'''

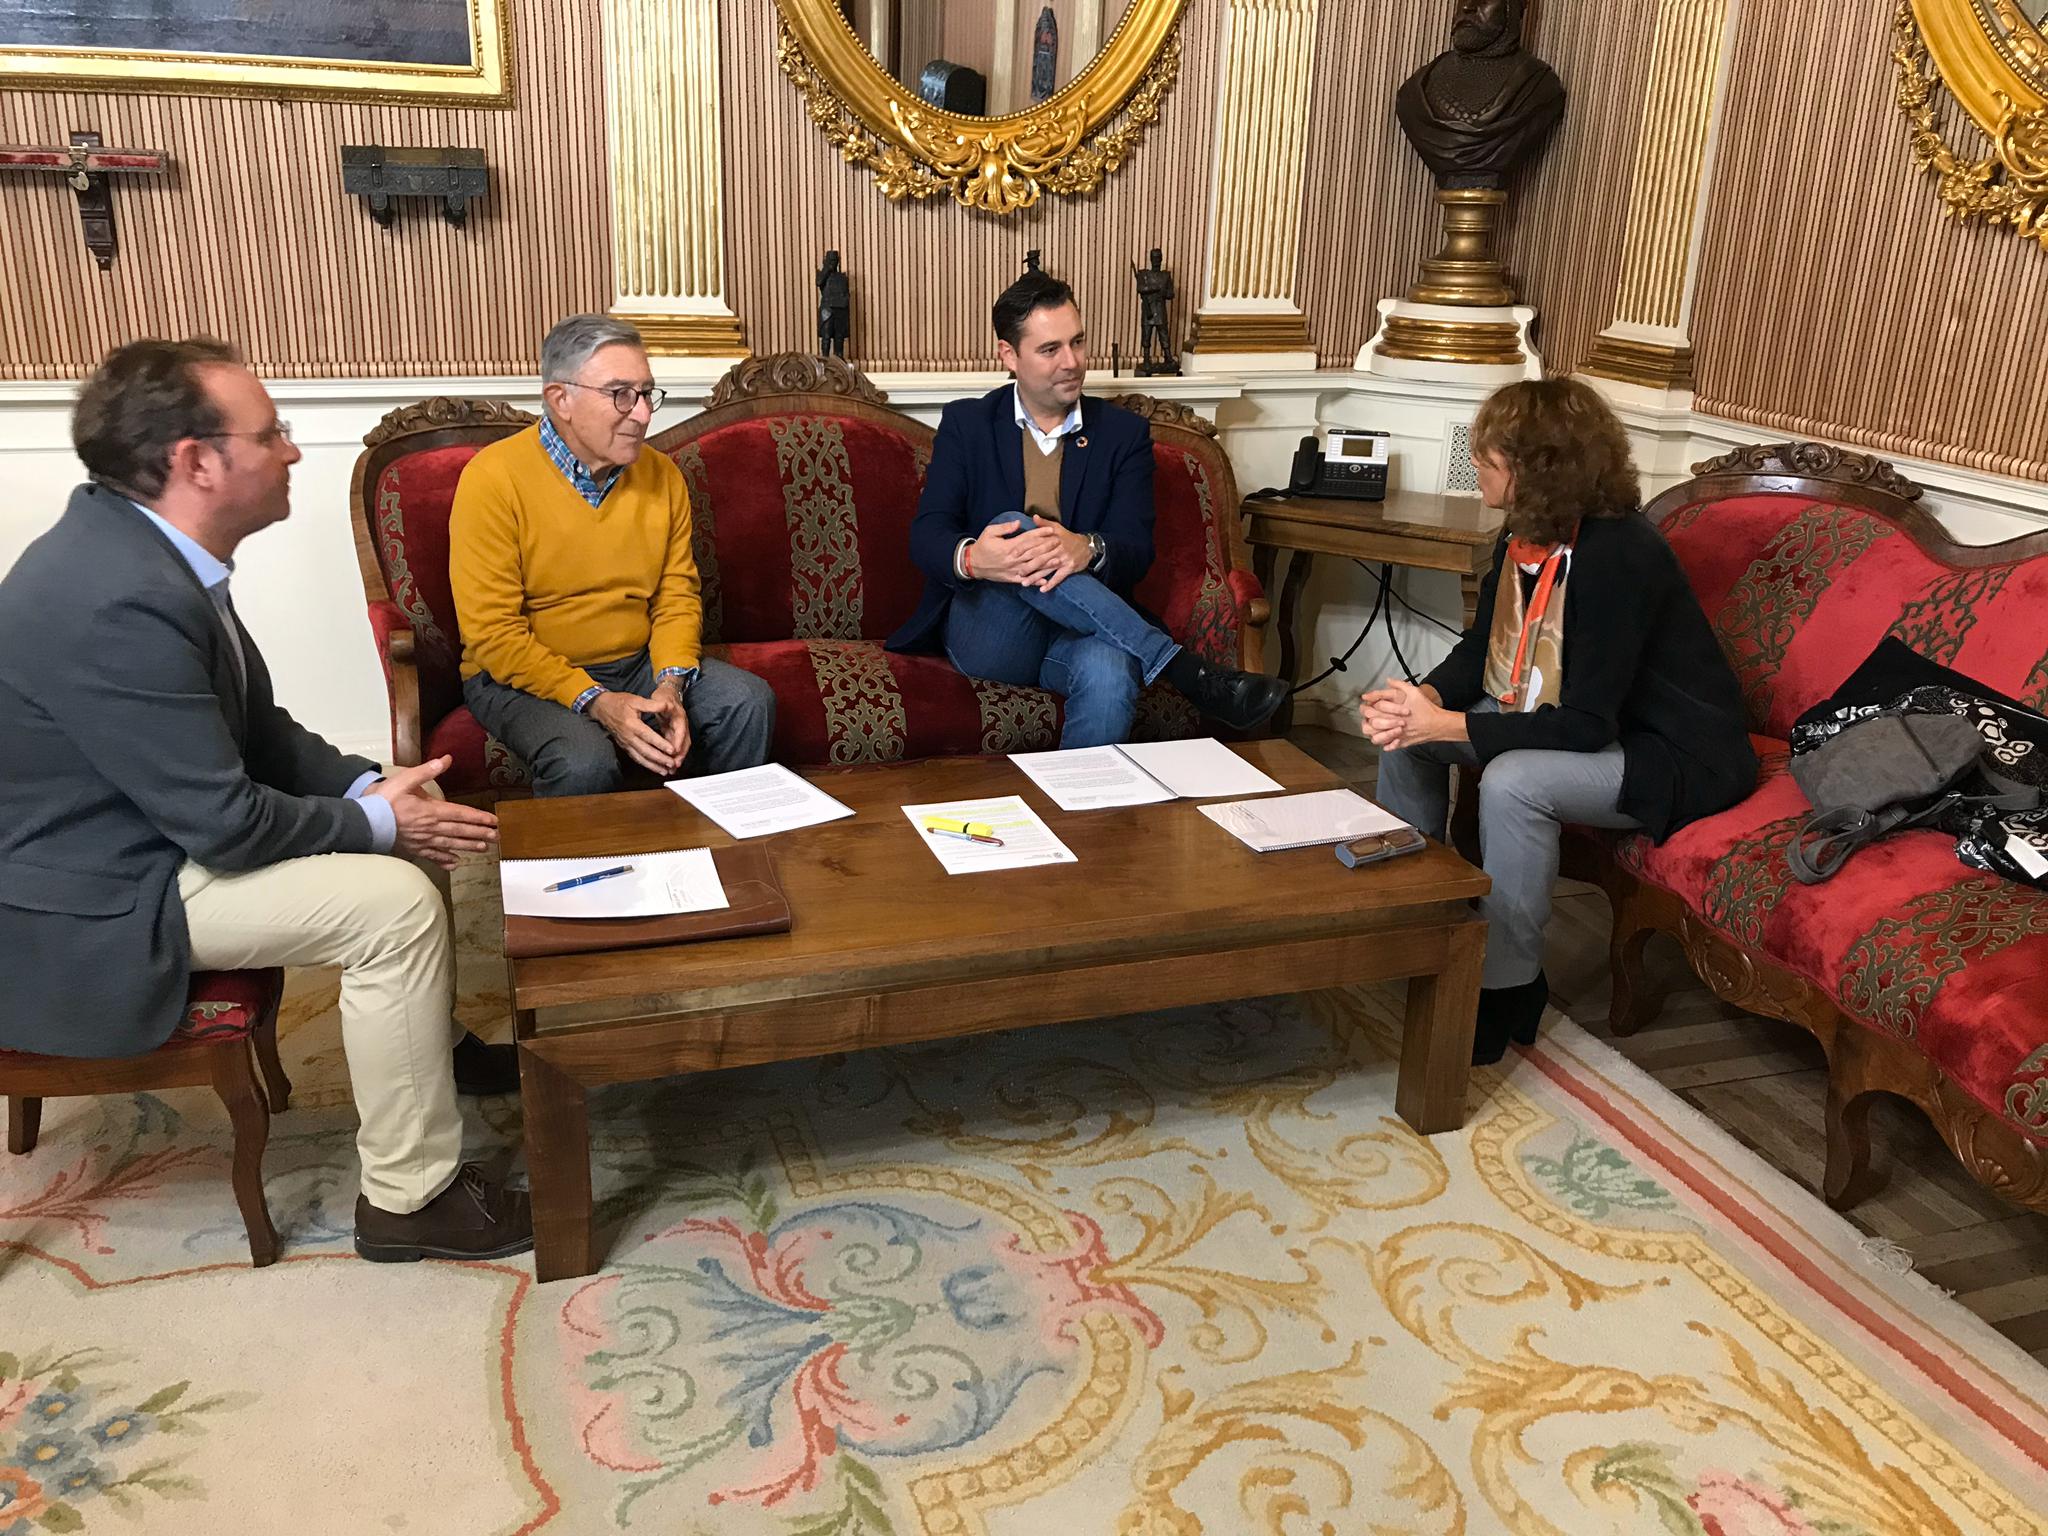 El alcalde de Burgos, Daniel de la Rosa, se reúne con la asociación de vecinos de Huelgas-El Parral (AVEHUPA) para analizar una propuesta técnica para la remodelación de la calle Alfonso VIII 
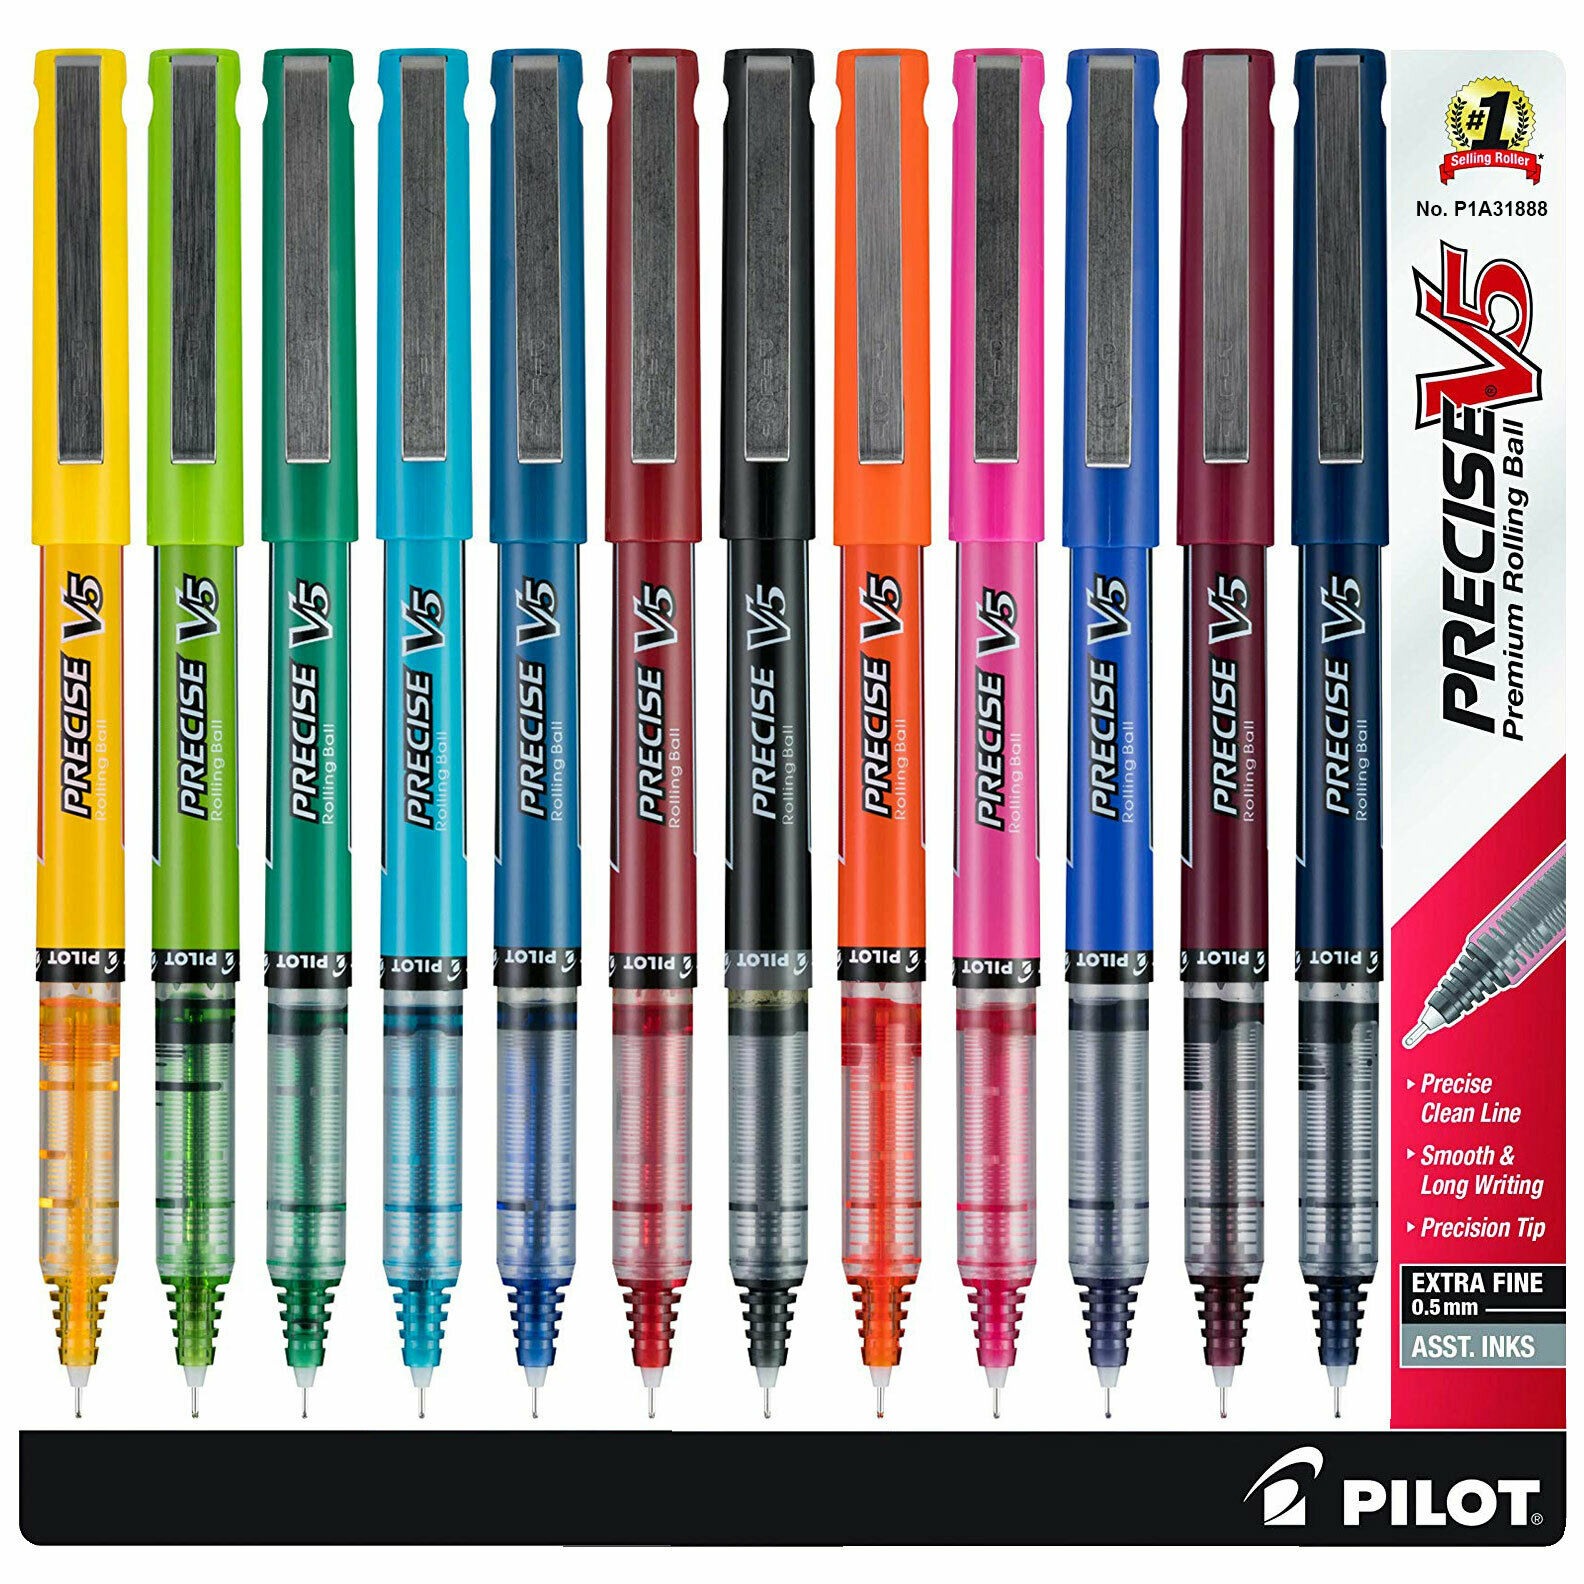 Pilot Precise V5 31888 05mm Extra Fine Rolling Ball Pens 12 Color Set
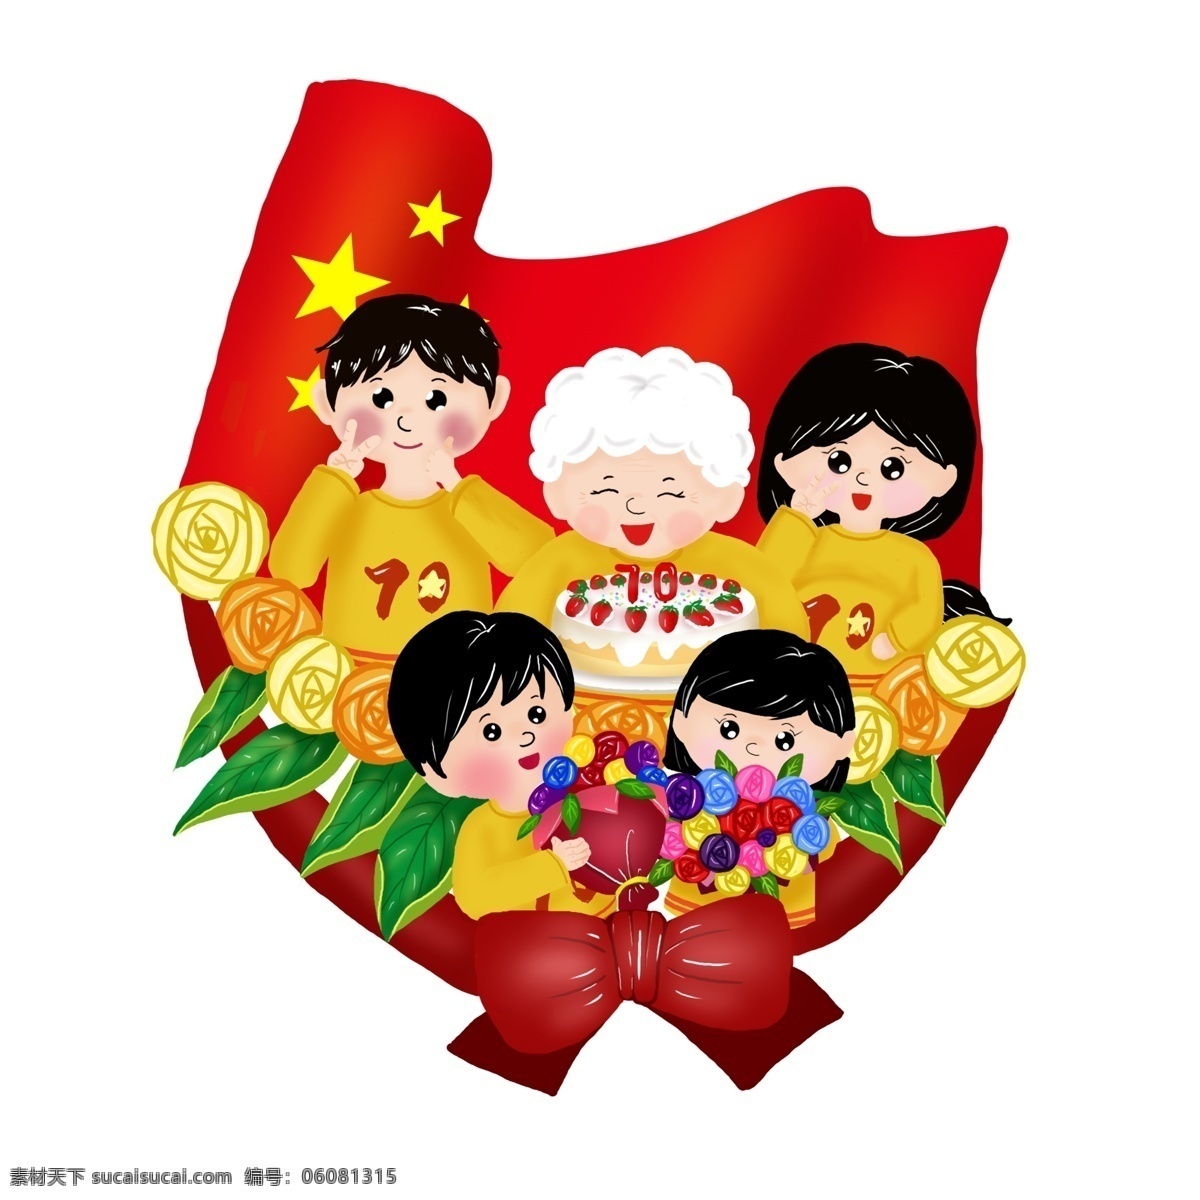 国庆节 周年 手绘 庆生 场景 商用 场景场景画 红旗 花朵 黄色 节日元素
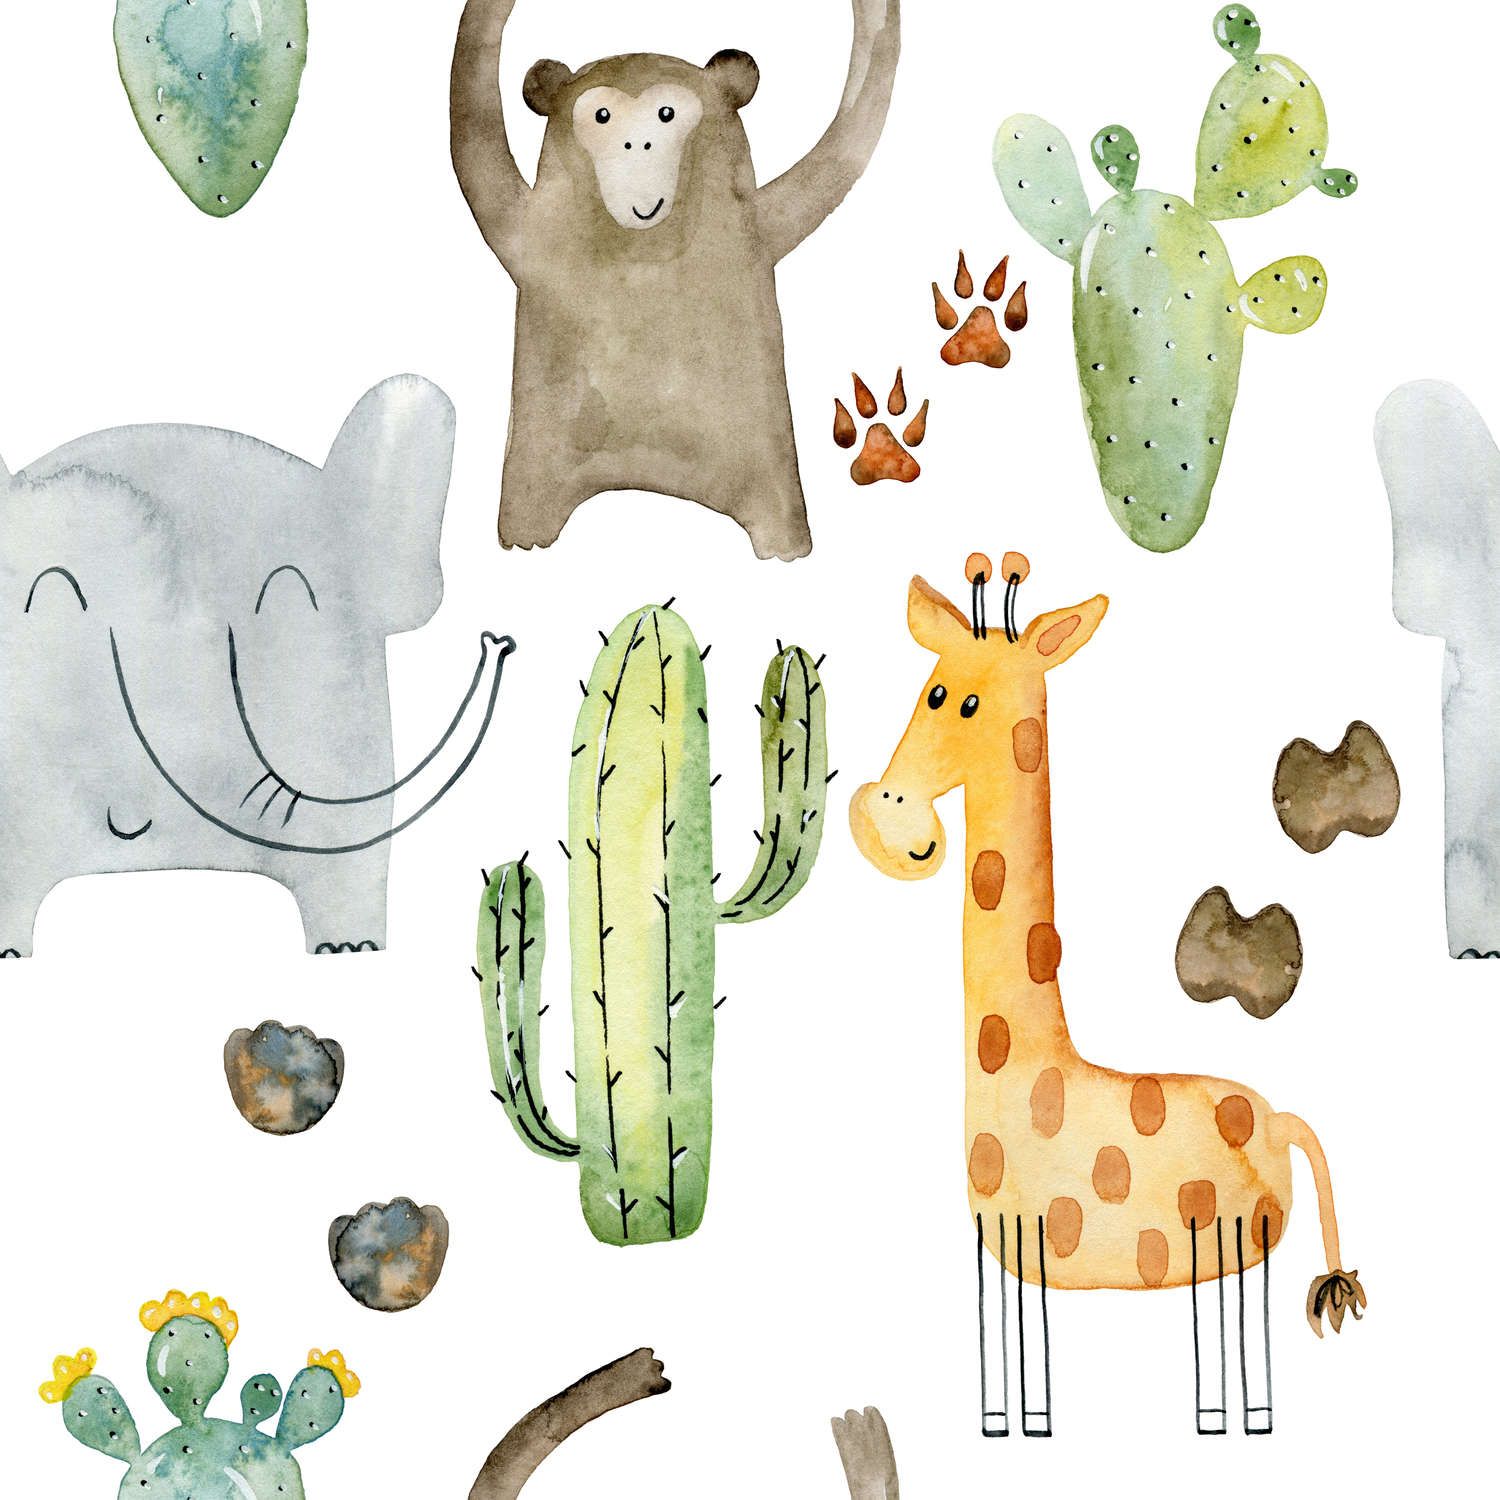             Animals and Cacti Wallpaper - Smooth & matt non-woven

'''

● **ACTION ITEM**: When you copy the data, keep every line exact and leave out each picture.

● **SOLUTION TO THE EXERCISE**:
 El alcalde de Burgos, Daniel de la Rosa, se reúne con la asociación de vecinos de Huelgas-El Parral (AVEHUPA) para analizar una propuesta técnica para la remodelación de la calle Alfonso VIII 
 Pilot Precise V5 31888 05mm Extra Fine Rolling Ball Pens 12 Color Set
 国庆节 周年 手绘 庆生 场景 商用 场景场景画 红旗 花朵 黄色 节日元素
             Animals and Cacti Wallpaper - Smooth & matt non-woven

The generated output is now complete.